Getting Started¶

This guide walks you through running bsllmner-mk2 for the first time.

For installation details (Docker Compose, uv, GPU configuration), see Installation.

1. Start the Service¶

docker compose up -d --build

If this is your first time, complete the full setup in Installation first.

2. Download Ontology Files¶

The ontology files are used by Select mode (Stage 2) for mapping extracted terms to ontology entries.

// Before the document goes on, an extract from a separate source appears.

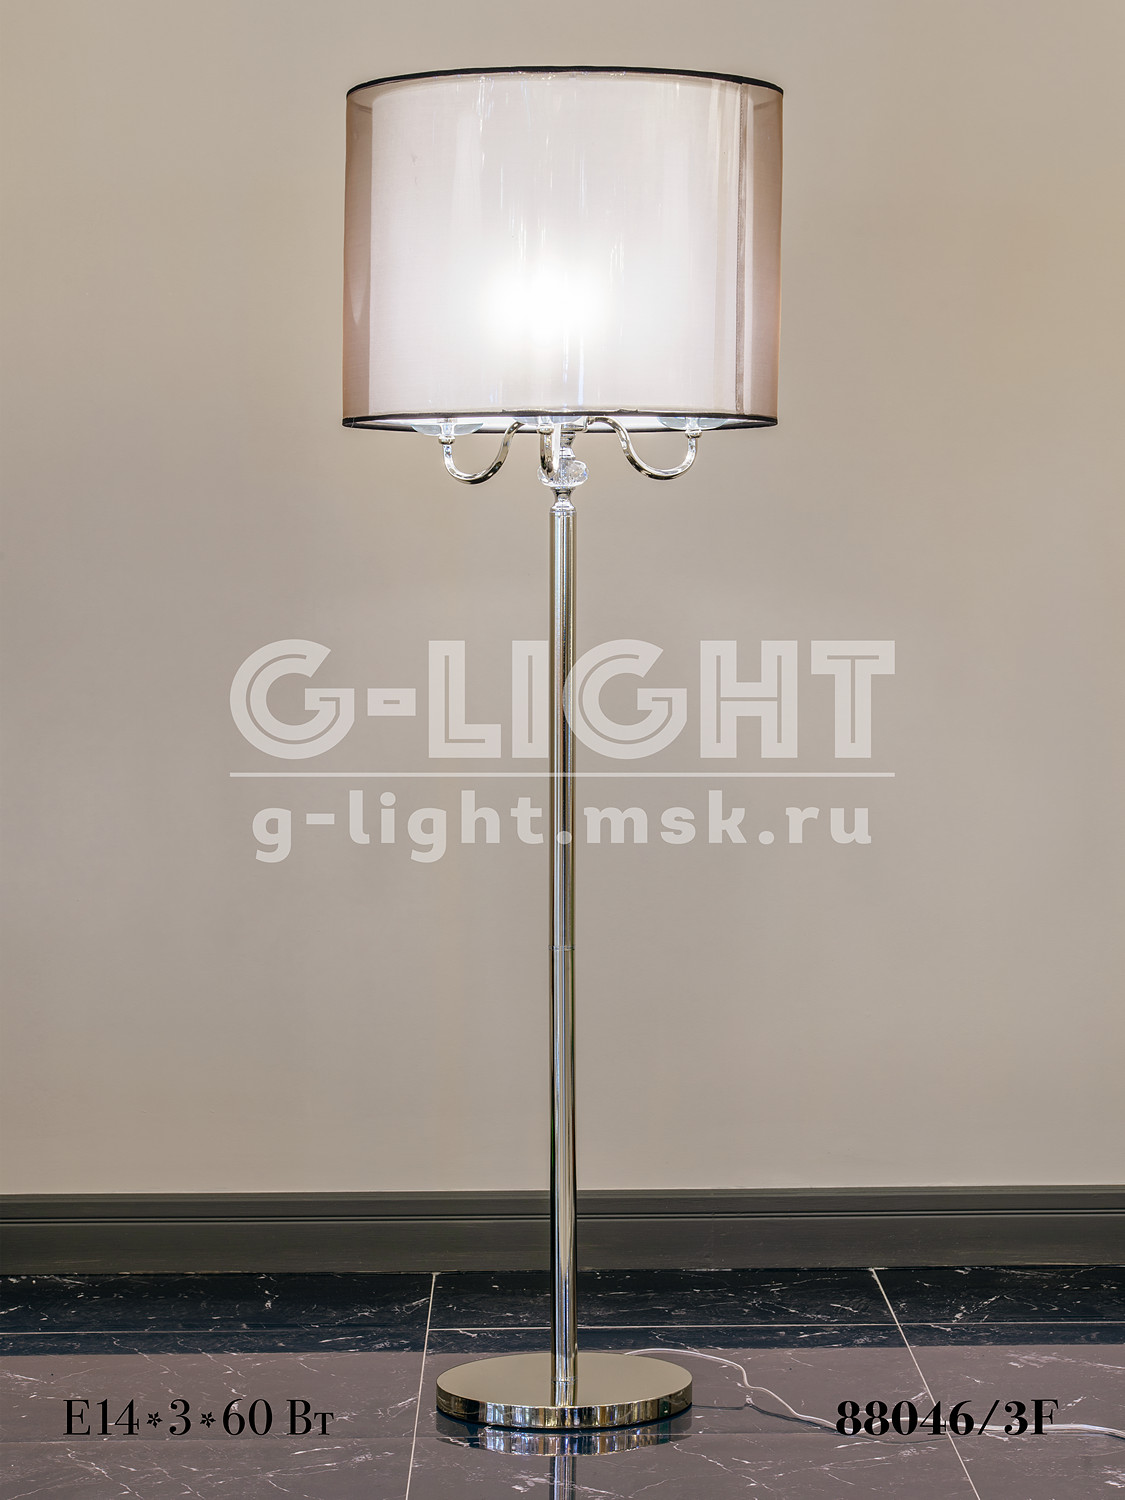 Торшер G-Light 88046/3F - изображение 5
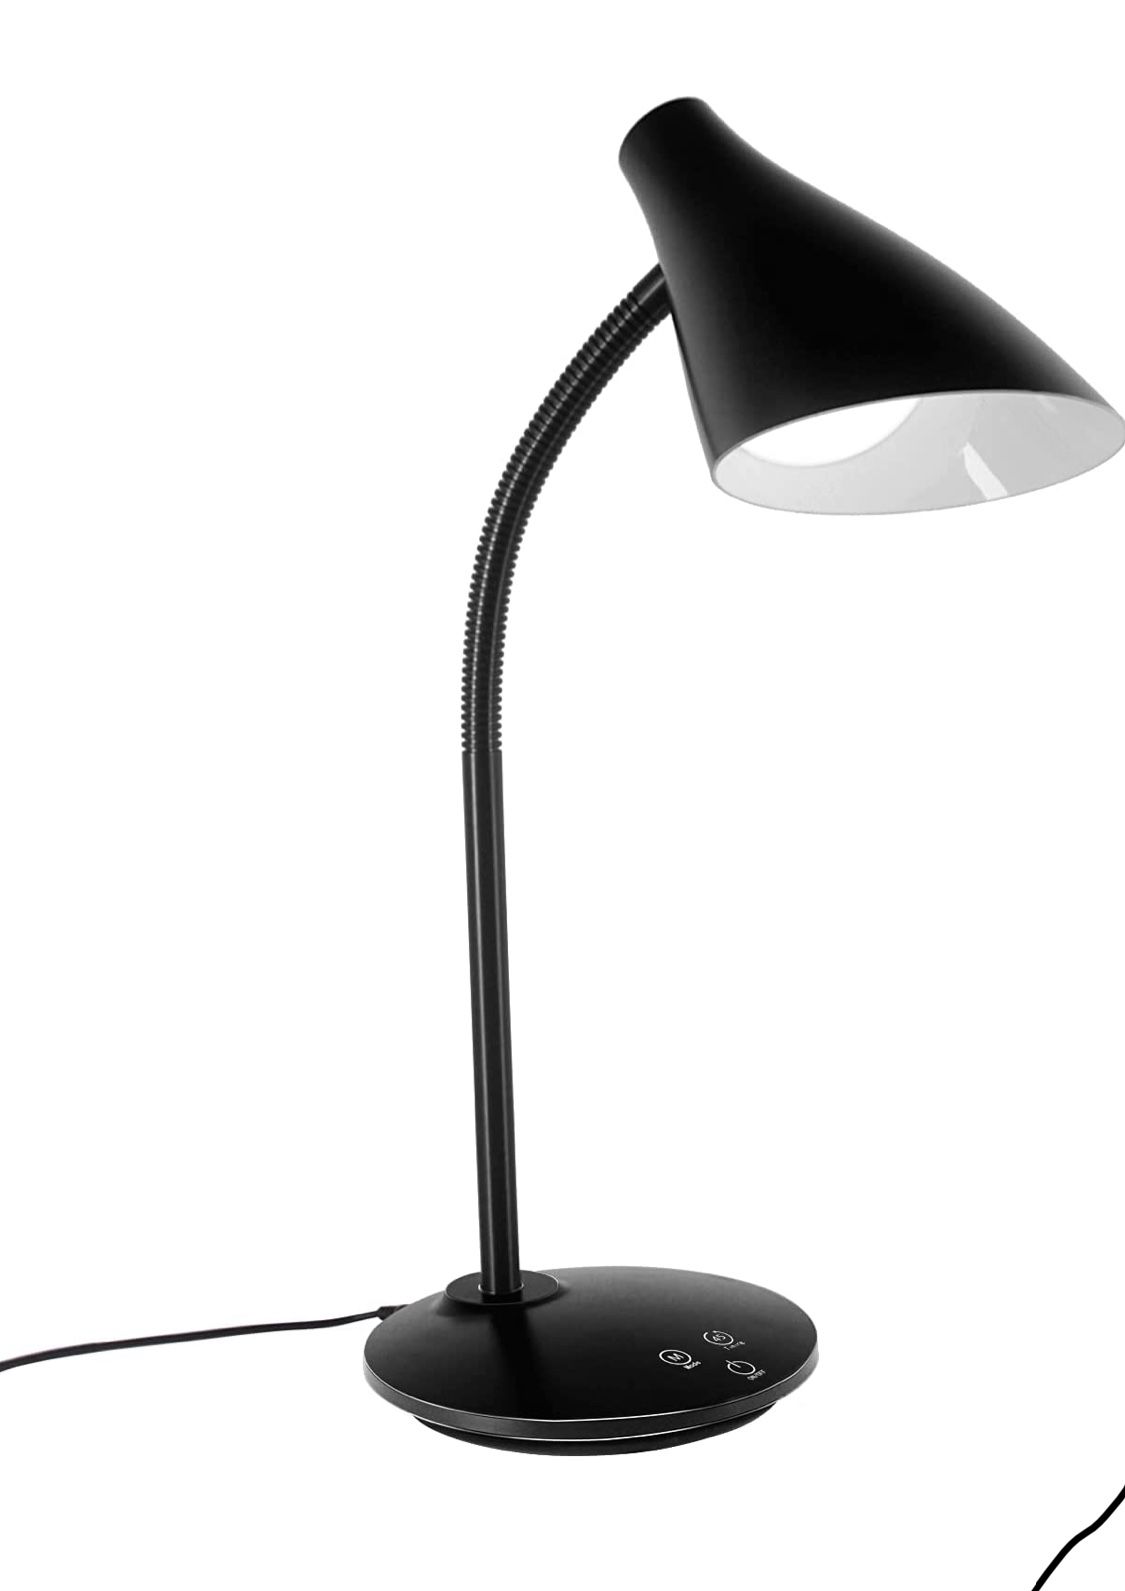 Led Desk Lamp,Multifuntional Desk Lamps for Home Office College Dorm Room, Goose Neck Desk Light, USB Port, 3 Brightness Levels, 5 Color Temperature,

The download script places files inside the container at /app/ontology/. Because compose.yml mounts ${PWD}:/app, they are also available on the host at ./ontology/.

2.1 Run Download Script¶

docker compose exec app python3 scripts/download_ontology_files.py

This downloads the following ontology files to ontology/:

cellosaurus.obo - Cell line database
cell_ontology.owl - Cell Ontology
uberon.owl - UBERON (anatomy ontology)
mondo.owl - MONDO (disease ontology)
chebi.owl - ChEBI (chemical entities)

2.2 Convert Cellosaurus OBO to OWL¶

Cellosaurus is downloaded in OBO format and needs to be converted to OWL:

cd ontology
docker run -v $PWD:/work -w /work --rm -it obolibrary/robot robot convert \
  -i ./cellosaurus.obo \
  -o ./cellosaurus.owl \
  --format owl
cd ..

3. (Optional) Pre-pull LLM Model¶

The LLM model is automatically downloaded on first use via the Ollama API. No manual pull is required.

To pre-download the model before running (recommended for large models like 70b):

docker compose exec ollama ollama pull llama3.1:70b

The model (~40GB for 70b) is stored in the ollama-data/ directory.

4. Run Extract Mode¶

Extract mode performs Named Entity Recognition (NER) to extract biological terms from BioSample records.

docker compose exec app bsllmner2_extract \
  --bs-entries tests/data/example_biosample.json \
  --model llama3.1:70b \
  --debug

For all extract CLI options, see Extract Mode.

5. Run Select Mode¶

Select mode extends extract mode by mapping extracted terms to ontology entries.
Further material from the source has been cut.